Аннелис посмотрела на меня и... неожиданно улыбнулась. О боже! Аннелис улыбается! Я обернулся к Маме — у нее глаза были круглыми от изумления. Анн, тебе уже лучше, ты поправляешься! — безмолвно вскричал я.

Мама вскочила со стула, бросилась к дочери и, обнимая ее и целуя, бессвязно забормотала:

— Ну вот... вот... наконец-то... Улыбнулась, и нет уж моего горя. И муж твой, видишь, Анн,— муж твой тоже повеселел... Ну что же ты, разве можно так?.. Почему ты с нами не говоришь? — По лицу ее текли слезы.

Аннелис моргнула. Так медленно, тяжело, будто, сомкнув веки, уже не хотела их открывать.

Однажды доктор Мартинет сказал: беда ее в том, что она

судорожно пытается удерживать и сохранять все как есть. Она не желает выпускать то, за что ухватилась. Однако нельзя исключить вероятность и такого кризиса, после которого она отторгнет от себя все, что до сих пор силилась удержать. Тогда, возможно, она станет равнодушна к происходящему вокруг... Не случилось ли уже это с моей женой? Не началась ли эта стадия? Не знаю. Доктору Мартинету не разрешают у нас показываться. Последнее, что я от него слышал: если удастся убедить Аннелис, чтобы она смирилась с обстоятельствами, она спасена. Кто же мне объяснит, что с ней сейчас происходит? Я не знаю. Мама не знает. Ах, доктор, доктор, как ты далеко! Раньше, когда еще Мартинет присматривал за ней, она, по его словам, упорно цеплялась за все устоявшееся, за прошлое. Мы проиграли, говорил он, все наши усилия оказались тщетными, а Аннелис ничего не желает понимать. Внешне она никогда не протестует, не восстает, но в психике у нее полная неразбериха, ее сознание — это поле битвы, где постоянно идет какая-то подспудная борьба. Теперь только наркотиками и можно спасти ее психику от полного разрушения. Без них могло бы случиться непоправимое — для нее в этом мире все окончательно утратило бы всякую ценность. Да и она была бы потеряна для всех. Помните господина Меллему?.. Вот почему, когда она очнется, старайтесь расшевелить ее, постоянно говорите с ней о чем угодно, рассказывайте о красивом, приятном, радостном, пробуждающем надежды...

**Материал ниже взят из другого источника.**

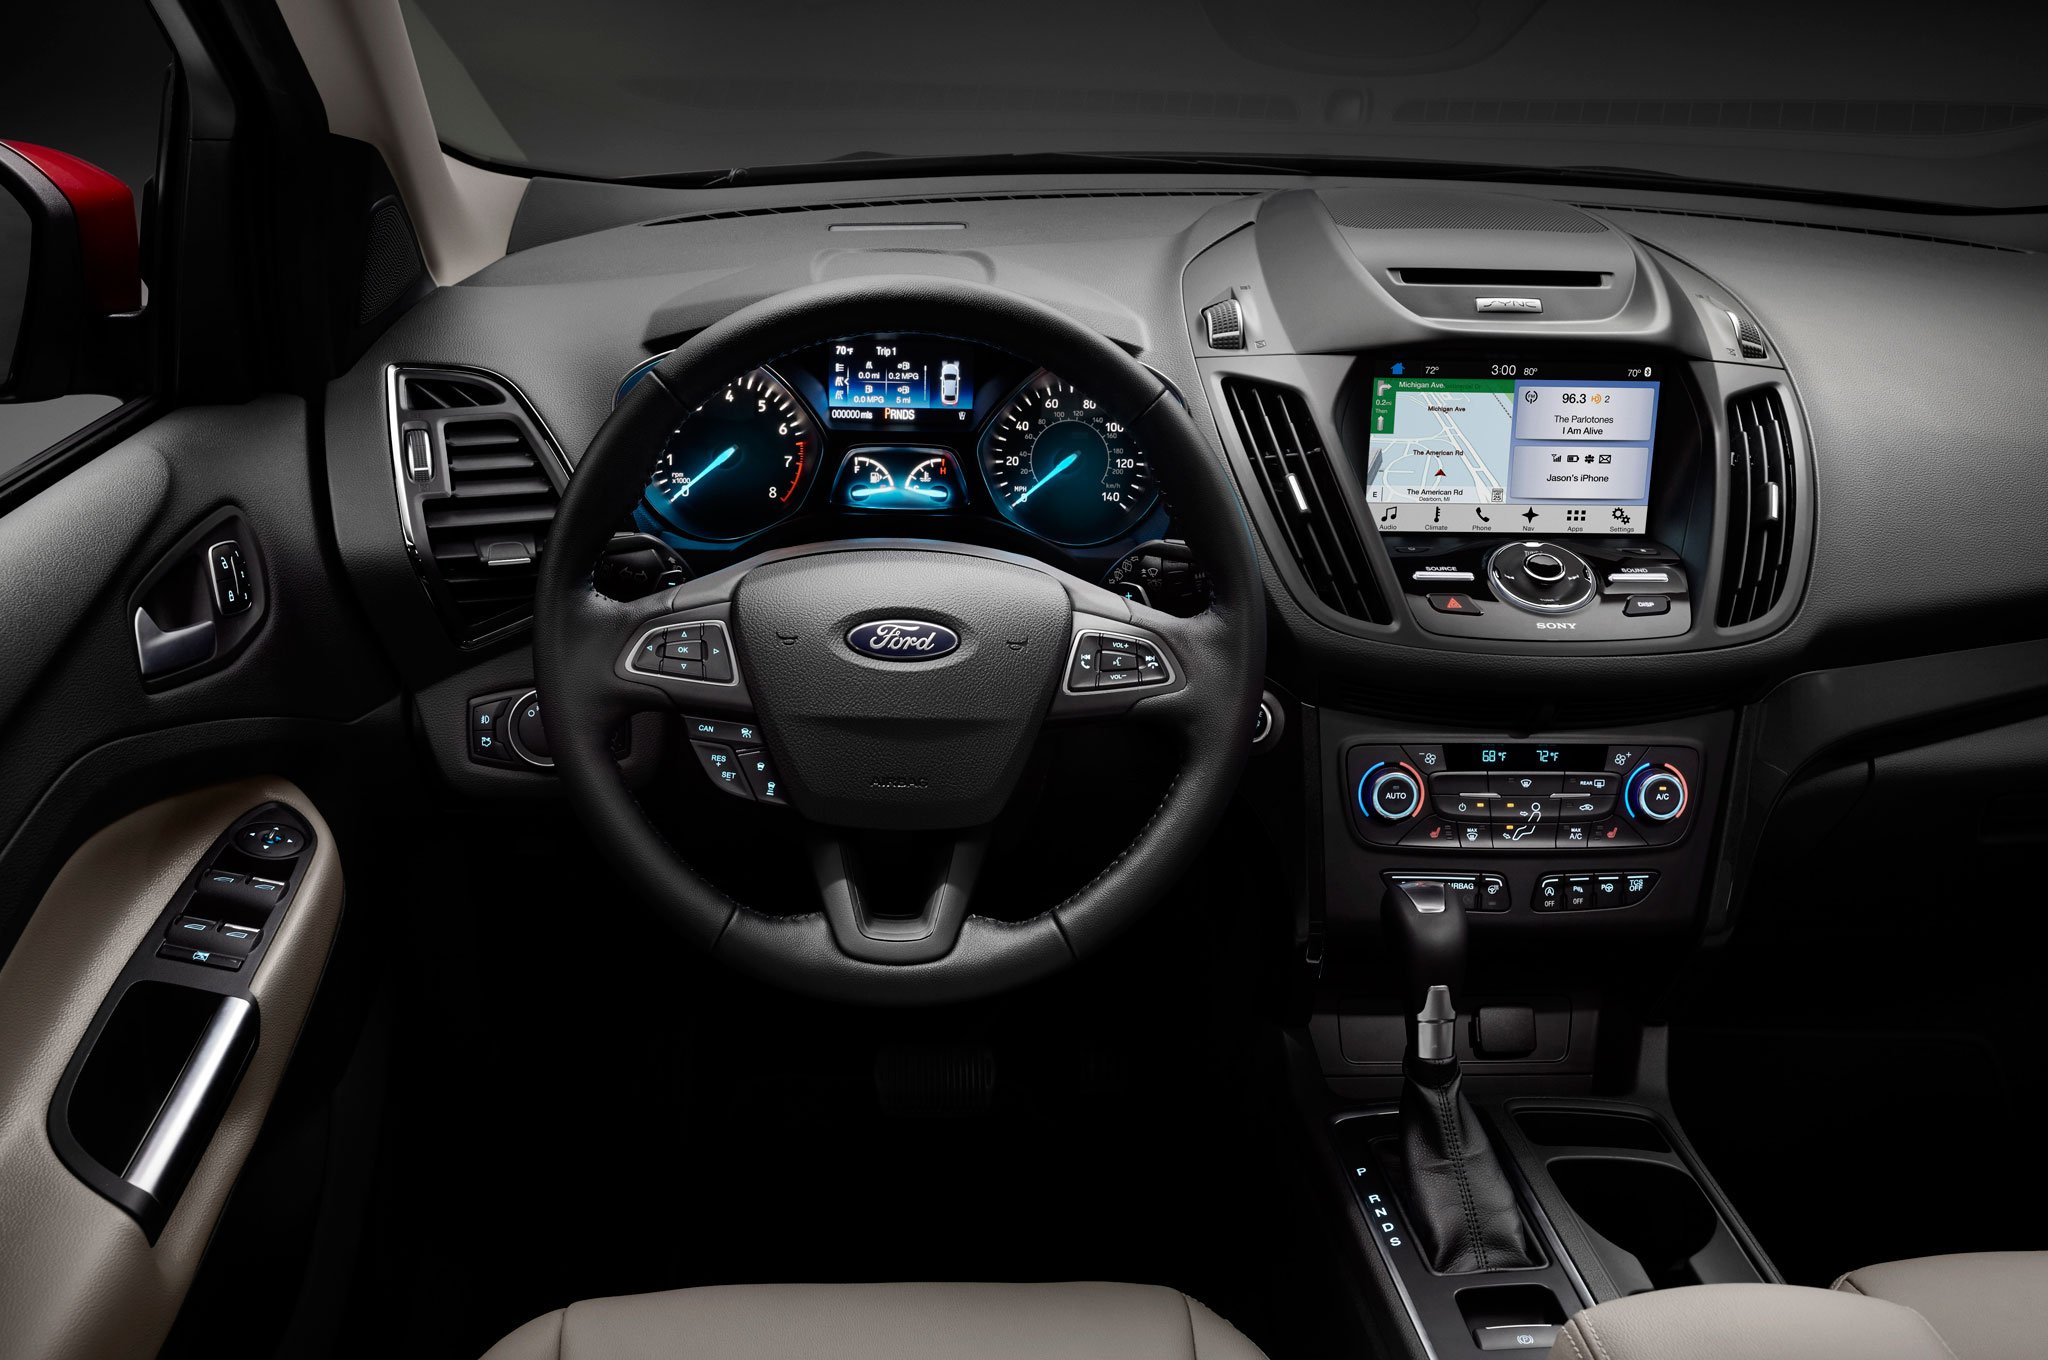 Купить новый Ford Kuga 2015 года в СПБ | Продажа Форд Куга ...

‚Но сегодня, поскольку я ее муж, мне надлежит сообщить ей горькую правду: осталось три дня! И наркотиков больше не будет. Доктору Мартинету запретили приходить.

Я хороню помнил и еще одну фразу доктора. Когда-то он говорил: кризис у Аннелис миновал, опасный момент позади. Сказано это было незадолго до нашей свадьбы. Но теперь опять все повторяется. Состояние то же. И на сей раз, сказал он, врачом ее буду не я, Мартинет, а вы, сударь, ее муж, человек, которого она любит. Добейтесь, чтобы вам позволили выехать вместе с ней в Нидерланды. Ньяи такой расход по карману. Сто двадцать гульденов — это для нее не деньги.

Но они отказали нам в разрешении сопровождать ее.

Добивайтесь, говорил Мартинет, любыми способами, ищите любые пути. Ни в коем случае не опускайте руки, ведь речь идет о спасении жизни вашей жены, сударь. Без вас она не выживет. Сейчас вы для нее единственная опора.

И вот я, предприняв, кажется, все возможное, потерпел поражение. Амстердамский суд оказался несокрушим. «Белый» суд Сурабаи заявил, что мы с Мамой не имеем никакого отношения к моей жене. Тогда ньяи, не теряя времени, распорядилась, чтобы Панджи Дарман, в прошлом Ян Дапперсте, был готов к отплытию в Нидерланды — якобы по делам, связанным с торговлей пряностями. Во избежание подозрений она даже запретила ему появляться в Вонокромо. Обходными путями с помощью агента Нидерландской Пароходной компании удалось выбить для него место в каюте второго класса рядом с каютой Аннелис. Этот же агент уладил все формальности с прививками и медицинской справкой.

Ее лицо казалось высеченным из мрамора. Неподвижное, застывшее, как каменная маска, оно не выражало ни мыслей, ни чувств. Моя жена по-прежнему молчала. Я и так и сяк пытался подступиться к ней, чтобы сообщить день отъезда, но безуспешно.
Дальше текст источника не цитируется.